--- SUPPLIED RECORDS Enclosed Below ---

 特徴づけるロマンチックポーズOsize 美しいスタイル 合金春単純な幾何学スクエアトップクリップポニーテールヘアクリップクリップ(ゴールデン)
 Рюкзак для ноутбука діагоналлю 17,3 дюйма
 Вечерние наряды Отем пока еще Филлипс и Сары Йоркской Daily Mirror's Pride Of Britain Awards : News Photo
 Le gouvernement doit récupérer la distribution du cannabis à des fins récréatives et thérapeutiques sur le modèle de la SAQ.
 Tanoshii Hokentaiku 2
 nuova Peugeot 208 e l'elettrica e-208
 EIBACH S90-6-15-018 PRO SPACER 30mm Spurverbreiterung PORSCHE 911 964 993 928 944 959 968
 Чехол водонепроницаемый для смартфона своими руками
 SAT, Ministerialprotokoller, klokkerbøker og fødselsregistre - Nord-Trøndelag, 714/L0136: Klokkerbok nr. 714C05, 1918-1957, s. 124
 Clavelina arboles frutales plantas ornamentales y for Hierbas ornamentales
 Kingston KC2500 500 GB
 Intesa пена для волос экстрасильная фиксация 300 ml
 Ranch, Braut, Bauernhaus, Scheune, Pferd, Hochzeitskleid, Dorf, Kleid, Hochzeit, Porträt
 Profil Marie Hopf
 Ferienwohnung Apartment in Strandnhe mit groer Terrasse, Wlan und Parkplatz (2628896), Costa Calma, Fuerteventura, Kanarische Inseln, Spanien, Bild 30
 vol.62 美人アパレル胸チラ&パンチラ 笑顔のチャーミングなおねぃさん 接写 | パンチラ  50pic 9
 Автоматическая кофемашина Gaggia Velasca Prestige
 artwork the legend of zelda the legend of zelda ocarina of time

--- End of Enclosed SUPPLIED RECORDS ---

WHAT IS BEING ASKED:
Only output the lines from the one with "Intesa пена для" through the end of the entries above, exactly as they are.

EXERCISE RESPONSE:
 Intesa пена для волос экстрасильная фиксация 300 ml
 Ranch, Braut, Bauernhaus, Scheune, Pferd, Hochzeitskleid, Dorf, Kleid, Hochzeit, Porträt
 Profil Marie Hopf
 Ferienwohnung Apartment in Strandnhe mit groer Terrasse, Wlan und Parkplatz (2628896), Costa Calma, Fuerteventura, Kanarische Inseln, Spanien, Bild 30
 vol.62 美人アパレル胸チラ&パンチラ 笑顔のチャーミングなおねぃさん 接写 | パンチラ  50pic 9
 Автоматическая кофемашина Gaggia Velasca Prestige
 artwork the legend of zelda the legend of zelda ocarina of time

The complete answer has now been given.